At the same time, I began to notice how much I actually—and unexpectedly—enjoyed being a clinician and particularly how much I liked having end-of-life conversations that can make a profound difference for people in the moment, which was very different from working in the lab on a question that will likely take years to resolve. It's a time when people are their most authentic. What's essential becomes paramount, and everything else falls away.
How are you getting the word out about that?
I'm writing a book about end-of-life care. It's a collection of true stories about patients I have been honored to care for as well as stories from the last six months of my father's life.
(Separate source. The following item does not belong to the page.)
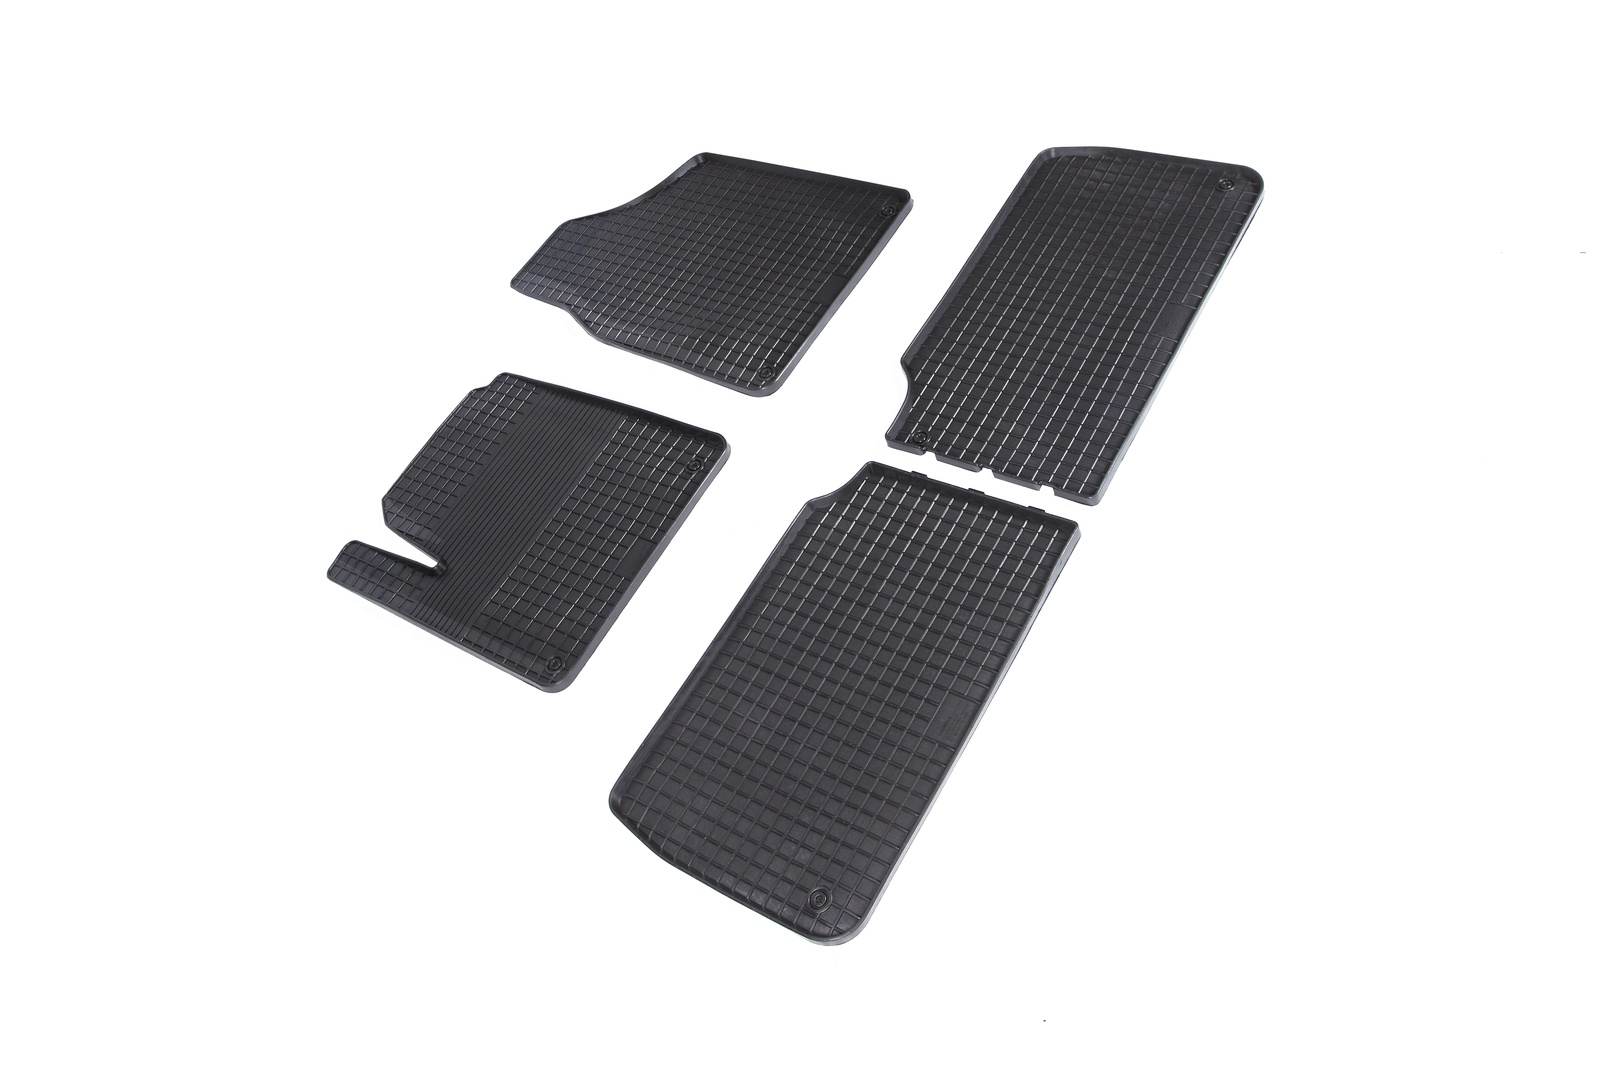 Коврики в салон автомобиля Seintex Резиновые коврики Сетка для Audi Q7 2005-2015 для автомобиля audi

I am also creating a live radio program as another way to invite people to engage in these conversations. Everyone has a unique life, and each story is a perspective that allows all of us to find resonance in our own lives, to see we are not alone here. These conversations may seem scary, but they give us our lives, the legacy we give to our families and those we love.
What do you want people to know?
There are ways to approach the end of life that don't have to be scary or taboo. The legacy we leave people by not having conversations is damaging, creating a burden on families for the rest of their lives, wondering if they did the right thing, wondering if they should have done something else.
Having conversations with people when we are healthy and not in crisis is what gives life meaning. It's not about death at all; it's about what's extraordinary. What's amazing is when people start telling their stories, they are the deepest, richest, most gratifying stories.
What can people do who have trouble talking about end of life?
My favorite tool is a deck of cards called "Go Wish" that facilitates this conversation. The cards have simple phrases that ask people what they want, such as "to be with my family," "to maintain my sense of humor," "to have my finances in order." People then ask questions based on the cards. By being curious, we invite the stories of our lives to be shared. This isn't ultimately about what you want when you die, it is actually about what matters most while you are alive.
For example, one of my favorite cards is "to have family with me." But the next question would be, "Who is family? Do you want them in the house? In your room? Do you want them 24/7? Do you want everyone at once?" You get really specific, and, importantly, it's not a one-time thing that you write down and you're done. It's a lifelong conversation when we are well, because our priorities change. Your life is not static, so what matters changes.
I often tell people death is for the living. I never had anyone tell me how it went for them, but I sure as heck know how it went for those who are still here, and that's what they live with for the rest of their lives.